*DATASET EXTRACT*:
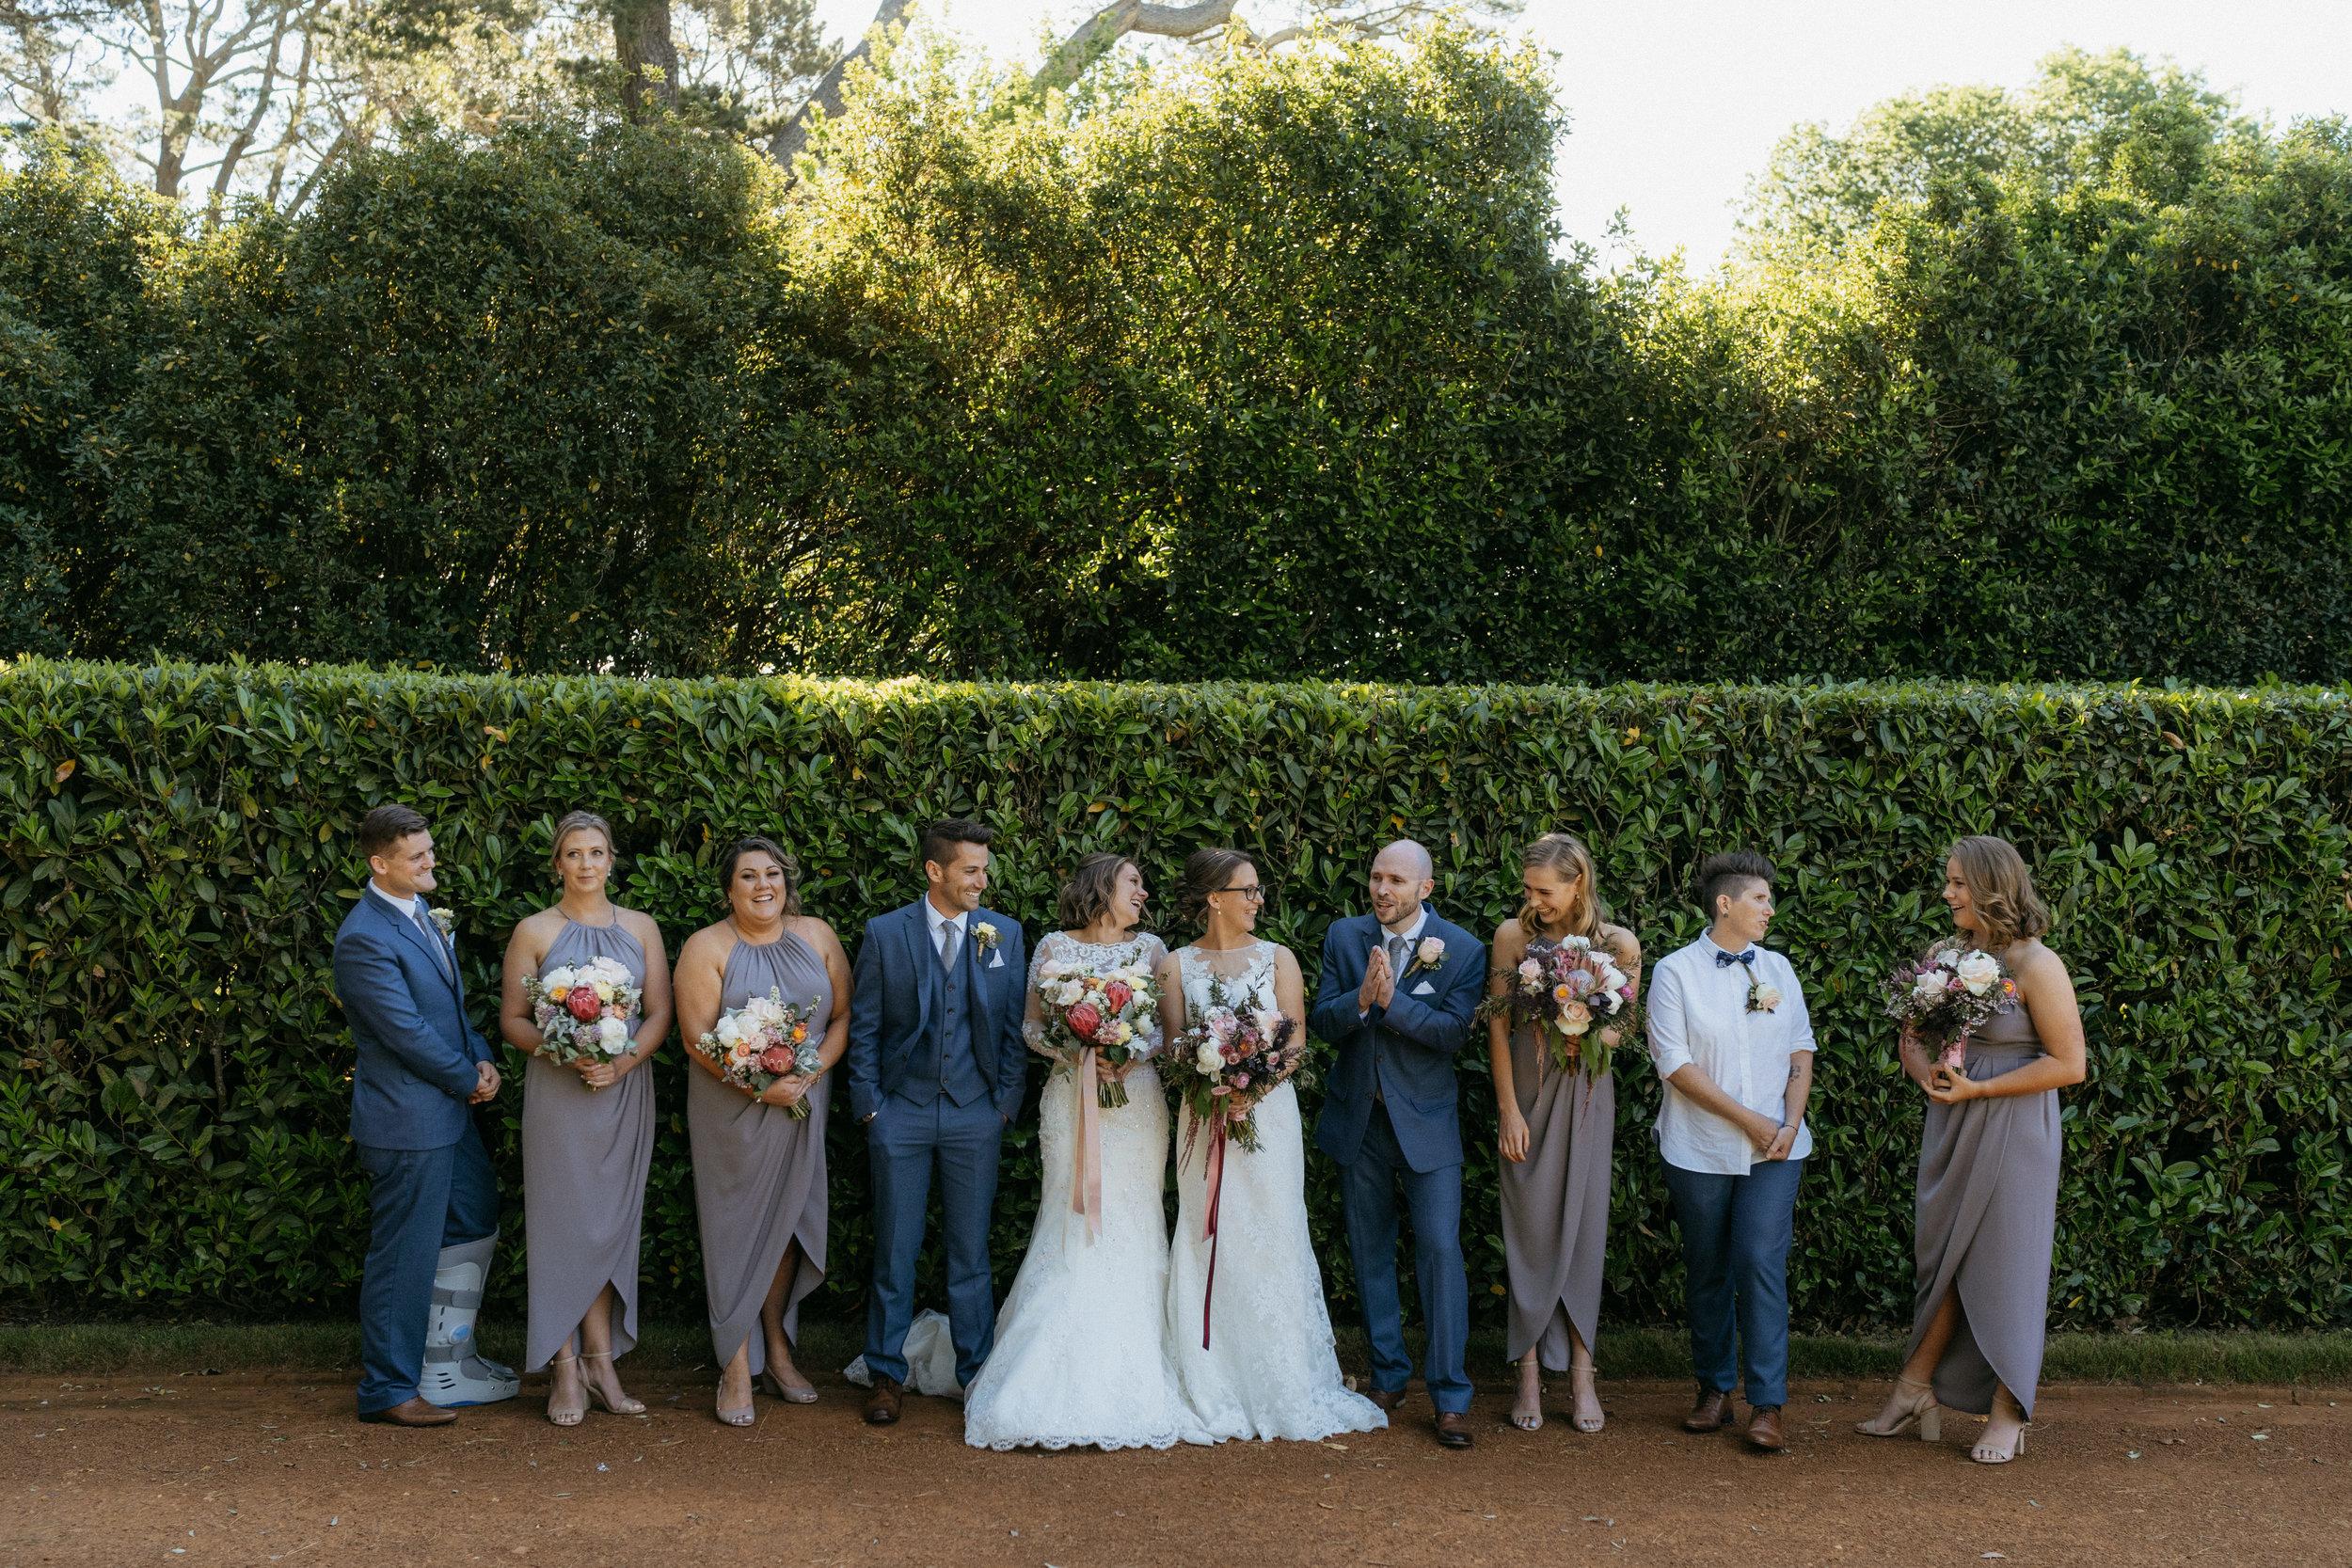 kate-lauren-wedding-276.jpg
* * *
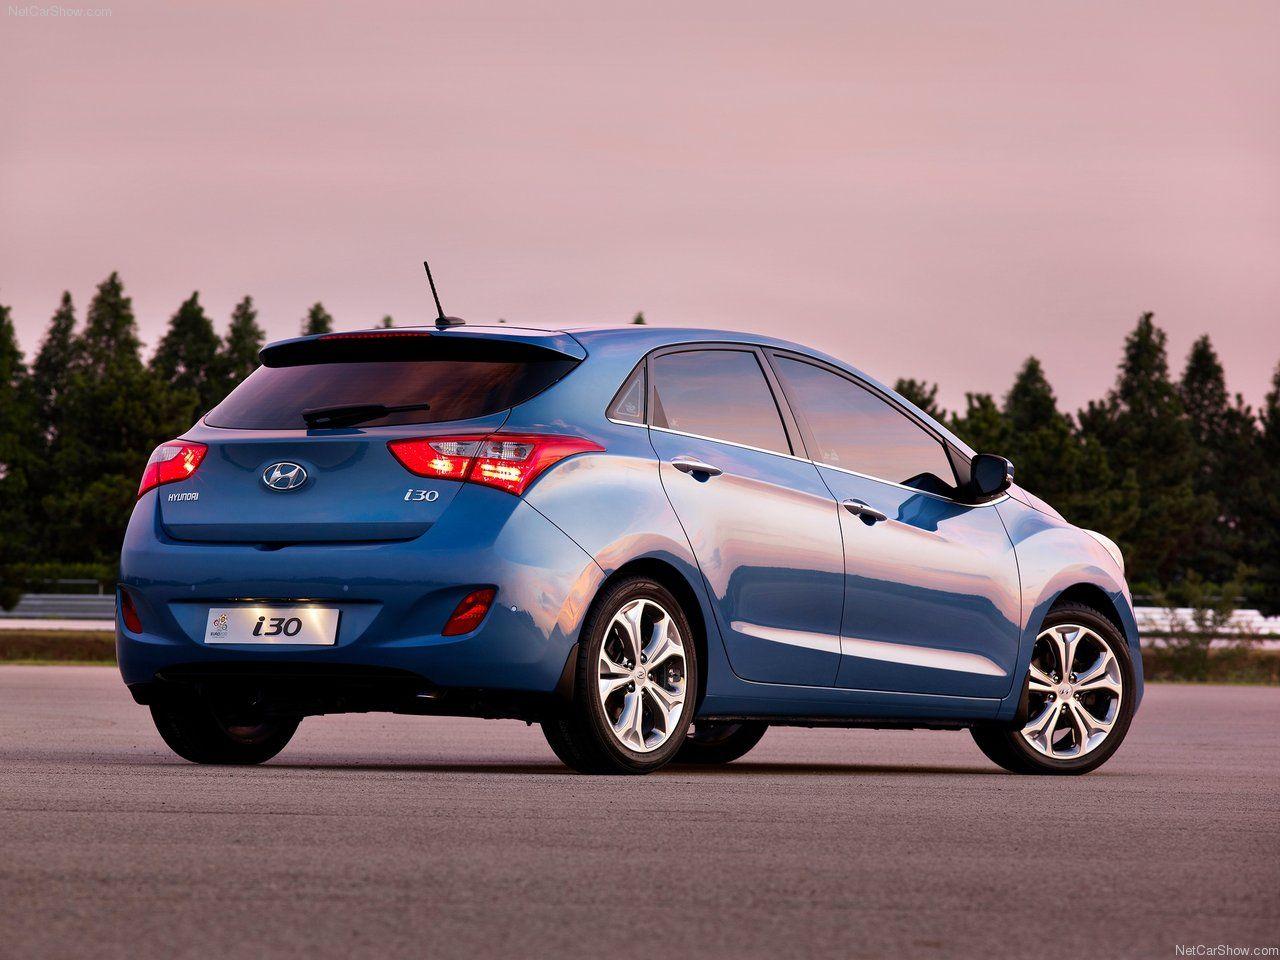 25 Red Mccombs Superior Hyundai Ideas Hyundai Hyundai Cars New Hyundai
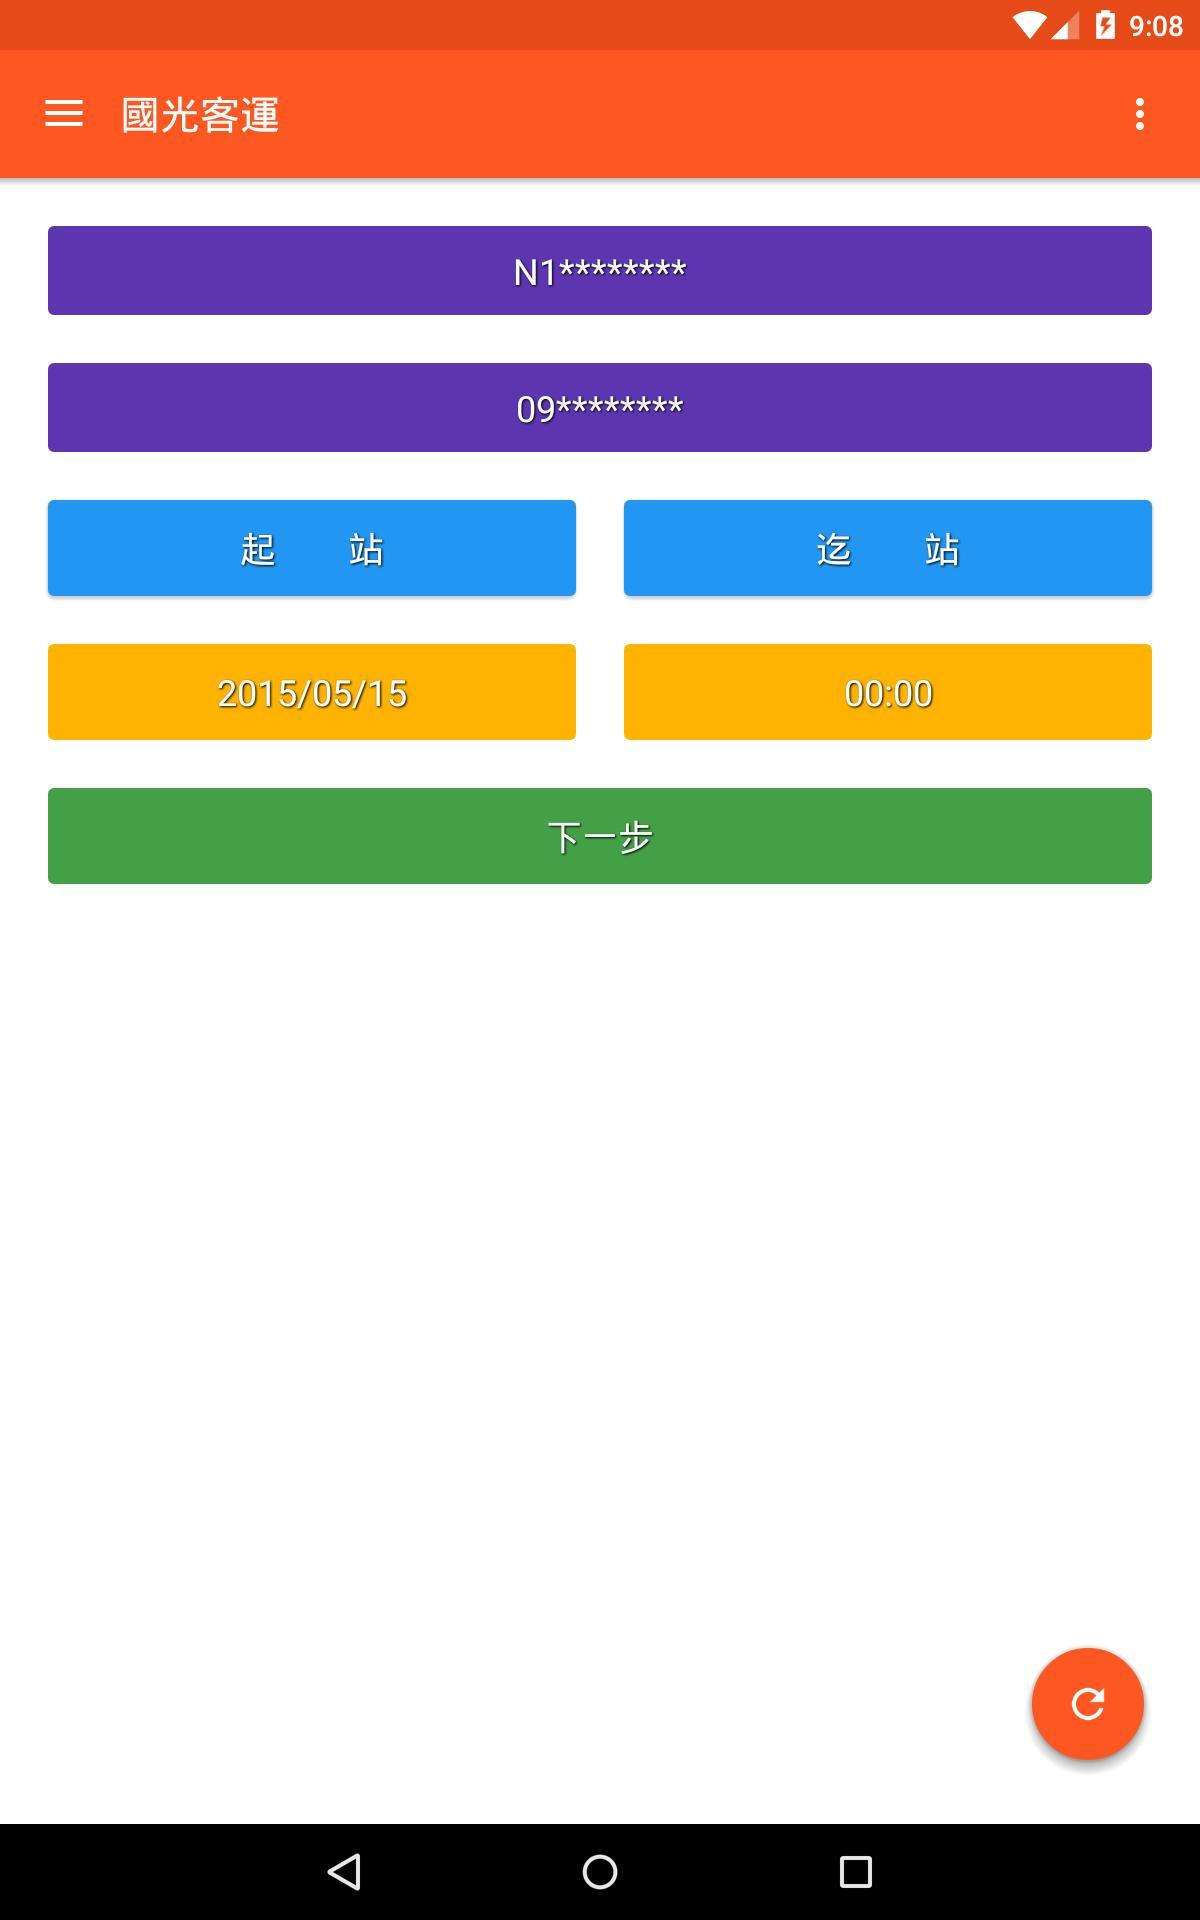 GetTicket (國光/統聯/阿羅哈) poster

*YOUR INSTRUCTIONS*: Start at the line containing "25 Red Mccombs" above and stop at the line containing "GetTicket (國光/統聯/阿羅哈) poster". Output those lines exactly, both included, but none of the pictures.

*THE COMPLETED TASK*:
 25 Red Mccombs Superior Hyundai Ideas Hyundai Hyundai Cars New Hyundai
 GetTicket (國光/統聯/阿羅哈) poster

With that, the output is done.